The building was gone and the stairs stretched way back, seemingly unending, into the sky, only obscured at the farthest point by miasmic layers of beating white fog. Worn-out, gaunt people in similar academic dresses, and similarly horror-struck, littered the extra steps; their faces got more hollow-eyed and ramshackle further back, their gowns in tatters. Skeletal, moaning figures topped the visible end of the stairs, some of them collapsing immediately into dusty, black-coffined heaps.
The spectral people nearest to them charged at her class as frightened shrieks swelled in the air on her side. She felt a tremendous force applied to her as their whole mass leaned forward like one, giant wave and crashed on the stone ground. They all staggered and fought and pushed and climbed onto each other. She managed to extract herself from the tangle of bodies and fled from the protruding, grasping tangle of hands into the mist ahead, her legs leaping over the ground in a way they had never done before. Cool air chilled her wheezing, whimpering chest as she bounded manically away in search of the gate.
She never reached the gate. She stopped and doubled up, panting and shaking and turning and re-turning to where screams and rattling croaks issued and echoed each other balefully everywhere around her womb of fog. Dark figures skirted her line of visibility and wrestled someone down. She ran away again, heaving big gulps of breath, the wind roaring in her ears and flapping her dress behind her, before she collapsed helplessly to the ground. She grazed her knee and turned over to sit on her bottom, trembling like the glass panes the night before.
Then she had an idea. She mentioned offhandedly that you had to finish The Chant. That doctor had done it, had made it past whatever this is. She must have meant finish reciting it, not that it was merely a ceremony one had to go through. She clawed the papers out of her pocket feverishly, found the line she had stopped at and resumed singing in a low, quavering voice.

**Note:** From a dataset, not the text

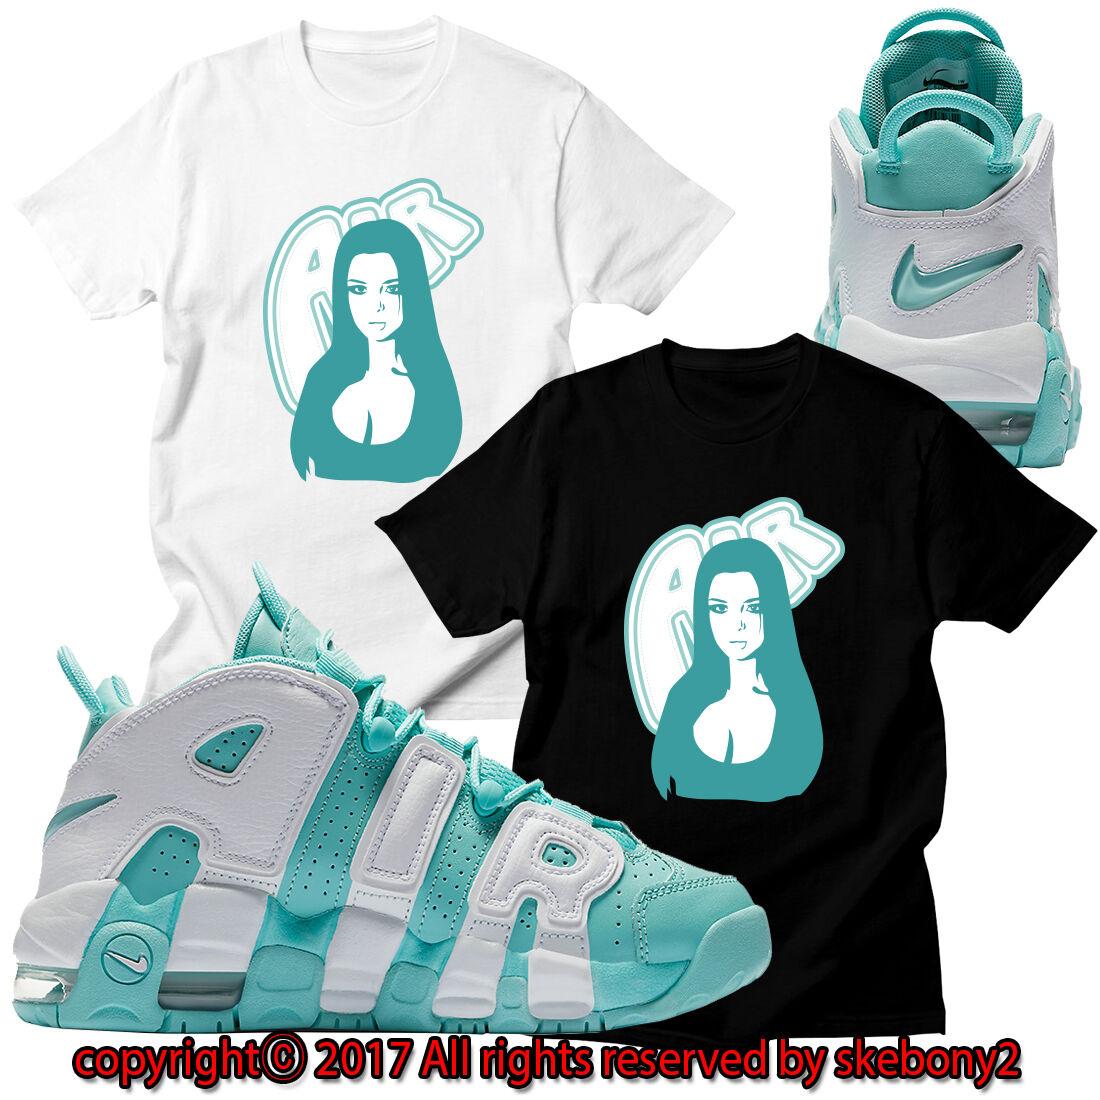 New Custom Tee Nike Air More Uptempo Matching T Shirt Utp 1 9 15

Loud, deep moans boomed in the thick air around her like foghorns the more she sang. She clutched the paper with such strength it almost ripped in two as she traced the lines with her thumb. She had got through the first page when a hand thumped on her shoulder. She emptied her lungs and yanked free and lunged forward and was dragged back and aimed a number of hysterical kicks to whatever it was until it let go, then she applied her legs to the ground again. The rapping of her footfalls racing with her heartbeats. She brought the papers to her face, but couldn't read, so she stopped, panting noisily, and grunted and coughed line after line as her breath allowed, keeping watch out of the corner of her eyes on the shadowy figures that materialized out of the haze everywhere. She reached the last page, they were homing in on her. She blocked their sight with the creased paper and mumbled on. She made it to the last line and looked up.